Light emitting diode (LED) lighting devices are commonly deployed as general illumination devices, for example, in homes, buildings of commercial and other enterprise establishments, as well as in various outdoor settings. LEDs are also being applied in other applications, such as variable beam width flash photography, lighting for photography, display technologies and the like.

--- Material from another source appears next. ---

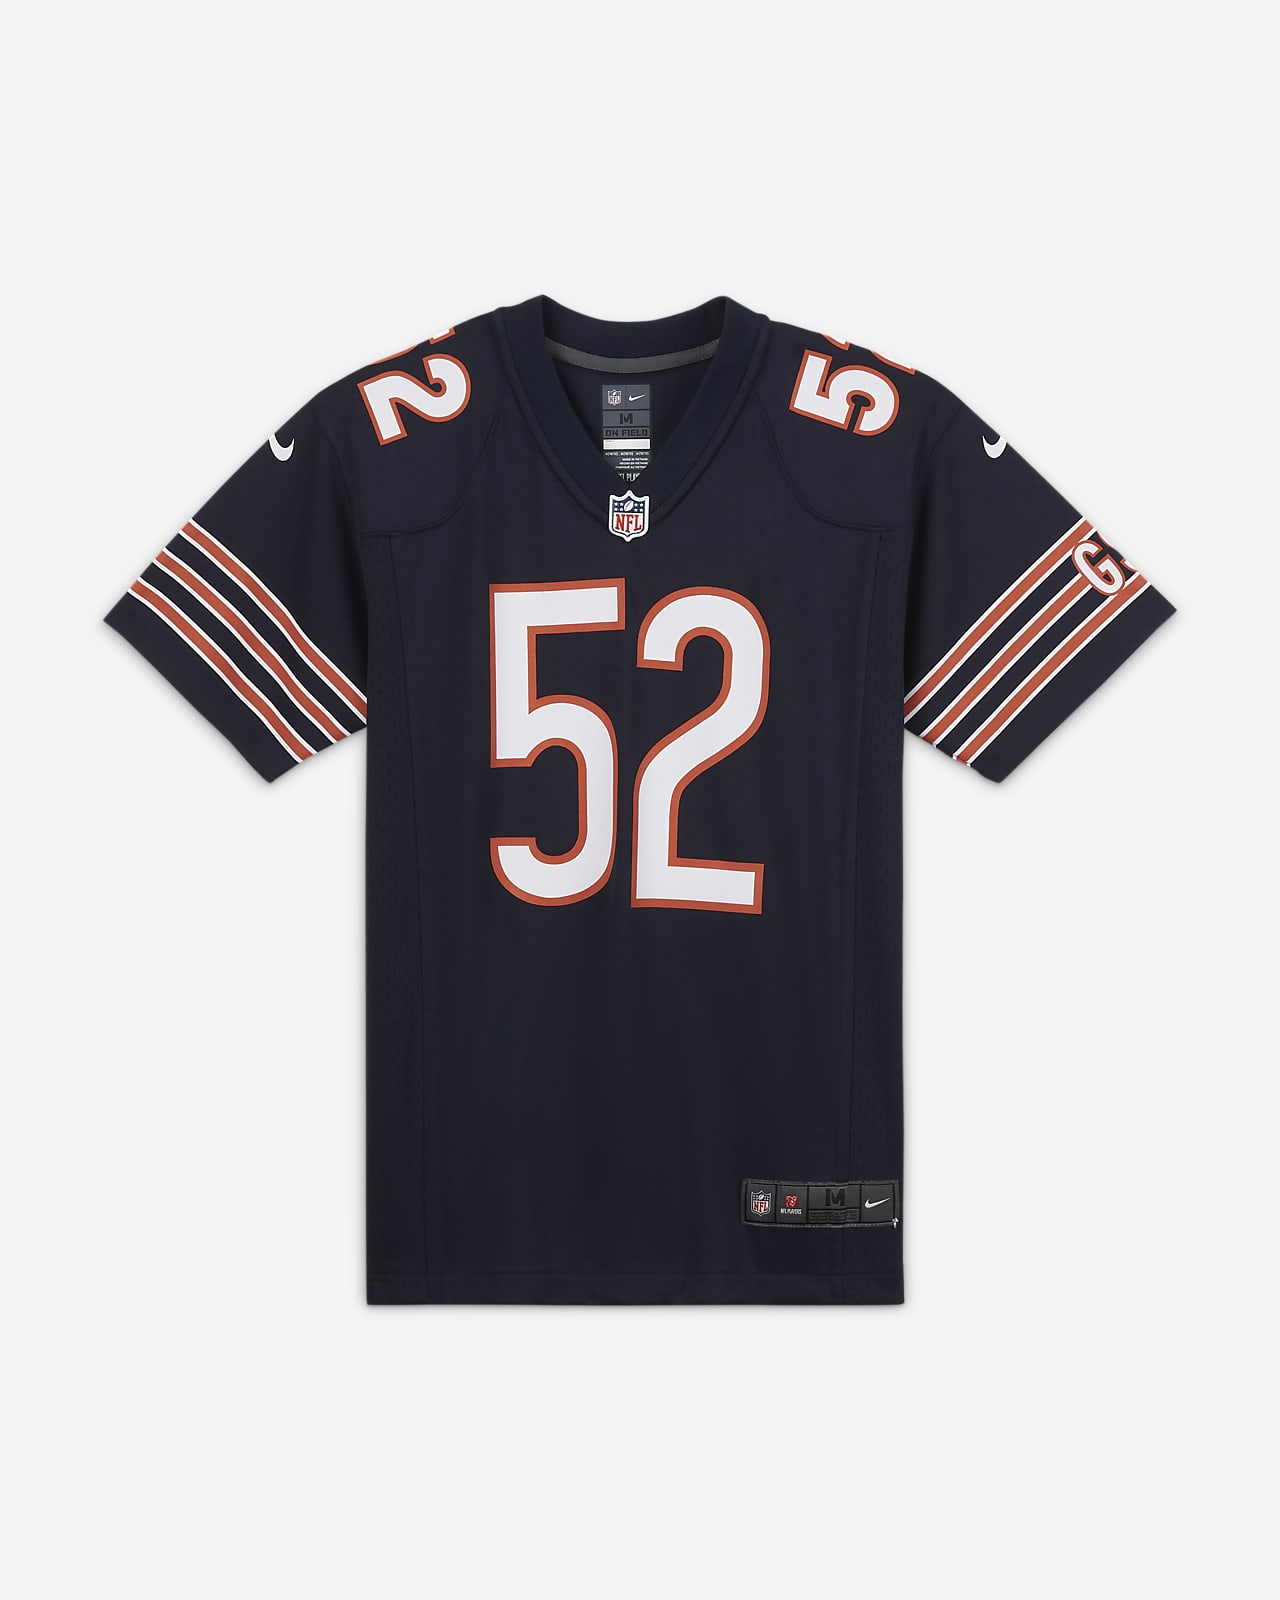 Koszulka do futbolu amerykańskiego dla dużych dzieci NFL Chicago Bears (Khalil Mack)

The trend for semiconductor devices is to become smaller, more miniaturized, while maintaining substantially similar performance as previous generation devices. Since LEDs are semiconductor devices, LEDs have also become miniaturized, hence the advent of chip-scale packages that contain light emitting semiconductor devices, referred to as “microLEDs.” The term “microLEDs” as used herein usually refers to LEDs with dimensions measured in microns. A chip scale package may have an area of no more than 120% of the area of the original die size and is a direct surface mountable device. The microLEDs chip-scale packages may be microscopic light emitting diodes that are formed using various semiconductor fabrication methods, such as a Gallium Nitride (GaN) with sapphire fabrication, wafer level fabrication or other fabrication techniques. The size and fabrication techniques of microLEDs differentiate them from prior generation LEDs. Some advantages of microLEDs over prior generation LEDs include higher light extraction efficiency, higher surface-to-volume ratio to dissipate heat more effectively, and more flexibility to be arranged in optical design due to its truly-point-source-like uniqueness. For example, not only have mircoLEDs found use in general illumination but also use in mobile device displays and camera flash devices. One method for maintaining the lighting performance of the microLEDs has been to incorporate integrated optics (e.g., chip-scale optics) over the output of the microLEDs to manipulate emitted light at the chip-scale level. While the integrated static optics may improve lighting performance of the microLED, the optical distribution of the light output by the microLED device, however, is fixed. The chip-scale static optics do not enable any variation in the beam shape or beam direction of the light output from the microLED chip scale device.
Hence, there is room for further improvement by providing chip-level spatial modulation capabilities of lighting devices that utilize microLEDs.